Winnipeggers remember three Israeli terror victims

From left, Eyal Yifrach, 19, Gilad Shaar, 16, and Naftali Frenkel, 16

WINNIPEG — More than 200 members of the Jewish community here gathered on short notice July 6 at Congregation Shaarey Zedek for a special memorial service for Eyal Yifrach, Gilad Shaar and Naftali Frenkel, the three Israeli yeshiva students who were kidnapped and murdered last month by Palestinian terrorists.

“All the organizations worked co-operatively to make this memorial service happen,” says Faye Rosenberg Cohen, the Jewish Federation of Winnipeg’s planning director, who was MC for the evening.

In his address to the congregation, Rabbi Alan Green, Shaarey Zedek’s spiritual leader, described the murder of the three teens as “shocking” and a crime “unparalleled in its cruelty.”

“They were murdered not as p[art of any war, nor because of the occupation or because some Palestinians feel humiliated by having to pass through checkpoints,” he pointed out. “They were murdered because they were Jews.”

He quoted Rabbi Shmuley Boteach as saying that if Muslim leaders do not condemn this cold-blooded killing, they render their great religion morally irrelevant.

Rabbi Green also expressed sympathy for the Palestinian teen who was murdered shortly after the bodies of the three Israeli teens were found.

Rabbi Ari Ellis, spiritual leader of the Orthodox Herzlia-Adas Yeshurun congregation, echoed Rabbi Green’s words that the teens were murdered simply because they were Jewish and living in the Land of Israel.

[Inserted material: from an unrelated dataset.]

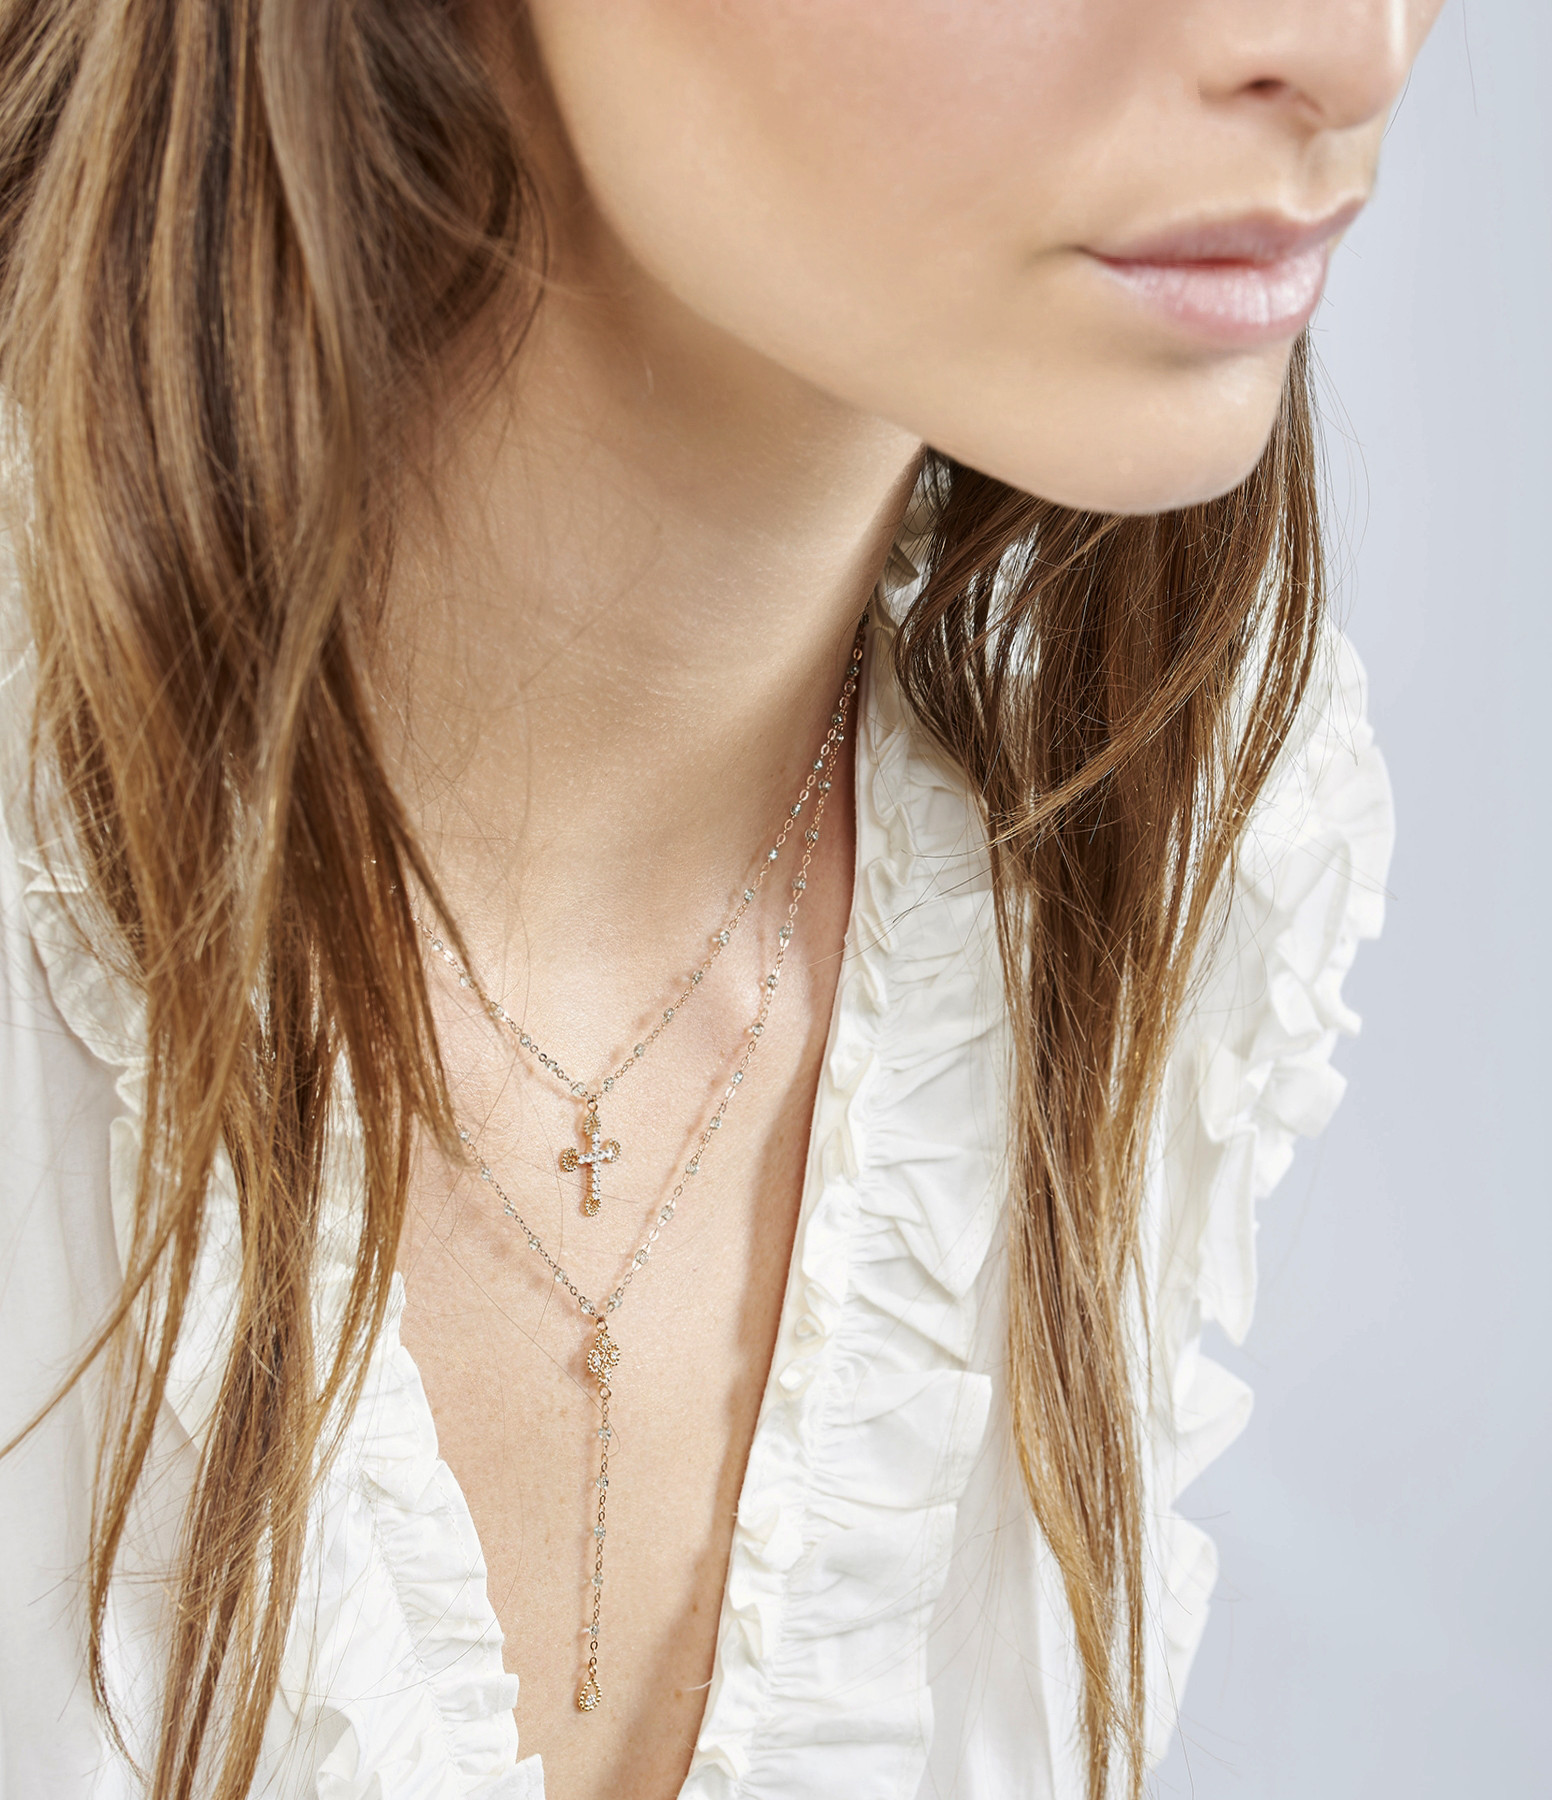 GIGI CLOZEAU - Collier Croix Romane Perles Résine Or Diamants

He contrasted the Jewish love and celebration of life with Palestinians who celebrate death.

“To us Jews, life is sacred,” he said. “Eyal, Gilad and Naftali were boys who were dedicating their lives to study and becoming closer to God.”

He quoted U.S. commentator Dennis Prager in contrasting the strength of good versus evil. Prager, he said, argues that that the results of evil are easy to see in the tens of thousands of people murdered by the forces of evil. The results of one act of goodness may not be readily obvious, but that act of goodness will create consequences that will outlast evil.

The memorial service included individual tributes to each of the three victims with a candle lit in each of their names.

Also participating in the service were Rabbi Larry Lander, spiritual leader of Congregation Etz Chayim, who read the 121st Psalm; Rush Ashrafi, Gray Academy of Jewish Education’s Judaic studies co-ordinator, who read the prayer for the State of Israel; Al Benarroch, the new executive director of Jewish Child and Family Service; and a couple of visitors from out of town – musician/singer David Kerner, from New York, who led the singing of Esa Enai, and Rabbi Charles Grysman, spiritual leader of Zichron Yisroel Congregation of Associated Hebrew Schools in Toronto and a member of the faculty of Yeshivat Or Chaim, who led the recitation of Kaddish.

Donations were accepted for the Jewish Agency’s fund for the victims of terror.